RAS in action: Clifford Fedler, a professor of civil engineering at Texas Tech University, has taken the idea of RAS and created a system that can also treat wastewater and create biomass to be used as renewable fuel, potentially helping rural and underserved communities become largely self-sufficient. The systems use the wastewater to grow plants such as water hyacinth, which produces one of the highest biomass yields and is the fastest-growing plant in a hydroponic system. In 2004, the system was implemented in a Peruvian village, and it now turns human and animal wastewater into reusable fuel, providing electricity for cooking and lighting.
4. Using locally caught fish as feed: The question of how to feed fish raised in aquaculture operations is controversial. Many researchers, such as Rosamund Naylor and Marshall Burke from Stanford University, now estimate large-scale, industrial aquaculture to be a “net drain” on the world’s fish supply, meaning that farms raising larger fish such as tuna actually consume more fish in the form of ground-up feed than they produce for human consumption. In addition, farmers are increasingly cutting costs by feeding fishmeal to traditionally herbivorous fish. Aquaculture that relies on local supplies of fish to feed their fish stock could reduce the inputs of industrial operations.
Locally caught fish feed in action: Many tuna farms and “ranches” in Baja California rely predominantly on seasonal, locally caught Pacific sardine as feed. This alternative feeding method reduces many of the dangers of industrial aquaculture because the feed comes from natural populations, reducing the risk of introducing exotic species that could cause negative interactions with wild fish. In addition, the feed does not have to be processed and pelletized for transport, which greatly reduces the carbon emissions of these operations, according to Peter Tyedmers of Dalhousie University in Nova Scotia.
5. Involving women in aquaculture: Women in developing countries can have a large role in small-scale, sustainable aquaculture systems because they are often charged with managing their family’s land while the men seek work in cities. Commercial aquaculture often replaces paddy fields or other agricultural activities in which women are traditionally involved. Because there is often bias against employing women in these larger aquaculture operations, the involvement of women in home-based aquaculture systems, such as backyard ponds, would provide them with a reliable source of income. These operations would also provide nutritional, monetary, and social benefits for the family and community.

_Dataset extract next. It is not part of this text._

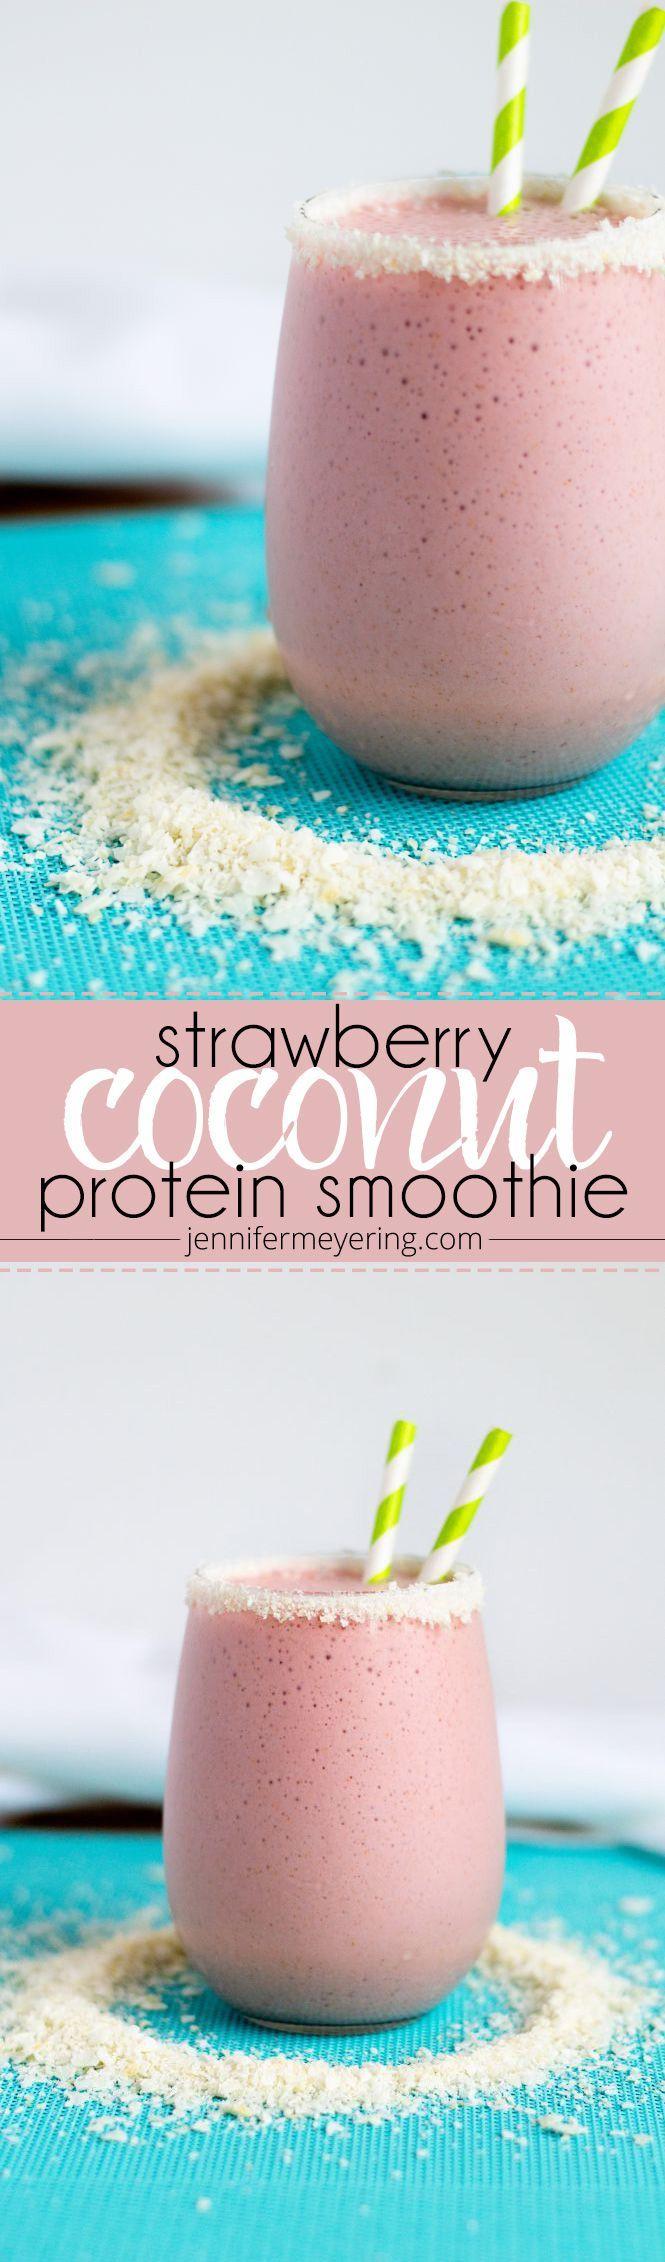 Strawberry Coconut Protein Smoothie | JenniferMeyering.com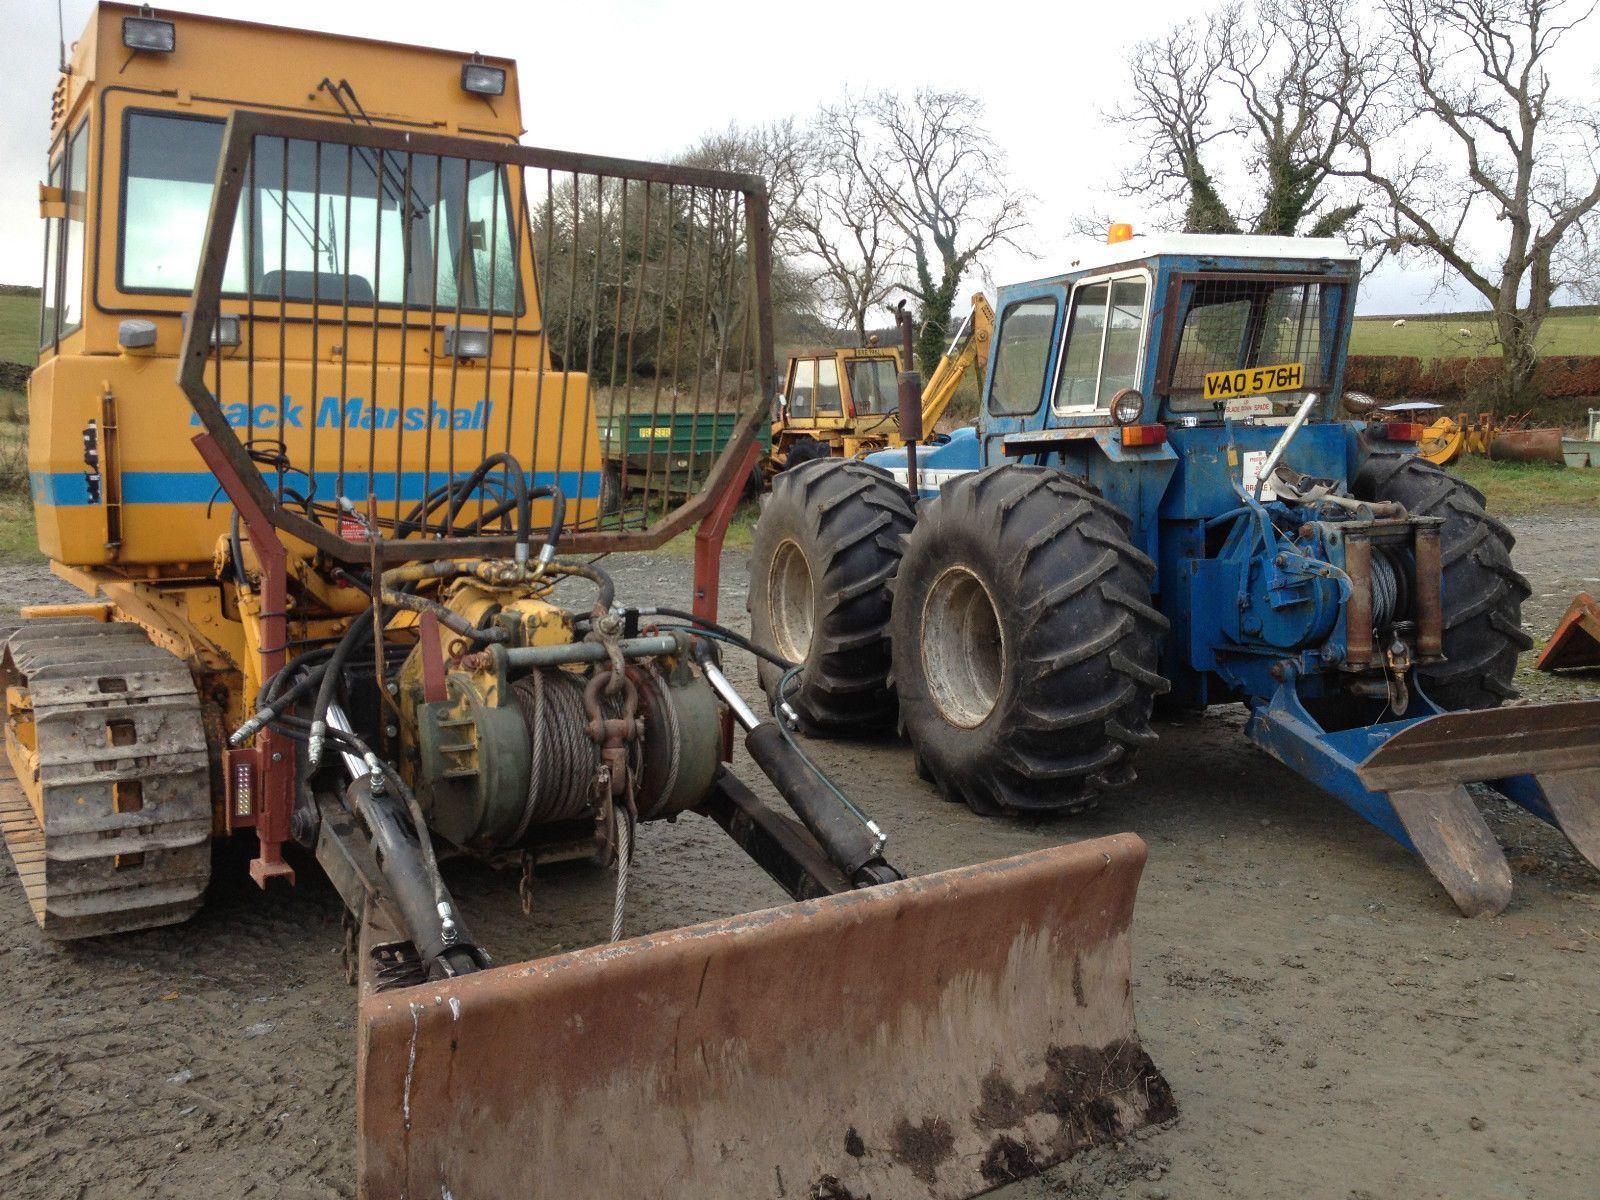 Three Point Winch : Hydraulic winch boughton ulrich rotzler superwinch tractor

Women in aquaculture in action: In a southern state of India, researchers from the M.S. Swaminathan Research Foundation are training 30 women to run home-based aquaculture operations, raising ornamental fish for sale. Ornamental fish were chosen as the crop because they require limited space, technical skill, and time, and can be sold at markets for around $9-to-$14 per household, per month. The program linked women with credit, technology, infrastructure, training, job security, and trade, providing a powerful tool to improve the lives of women in poor, rural areas.
• Laura Reynolds is a research intern with the Nourishing the Planet project.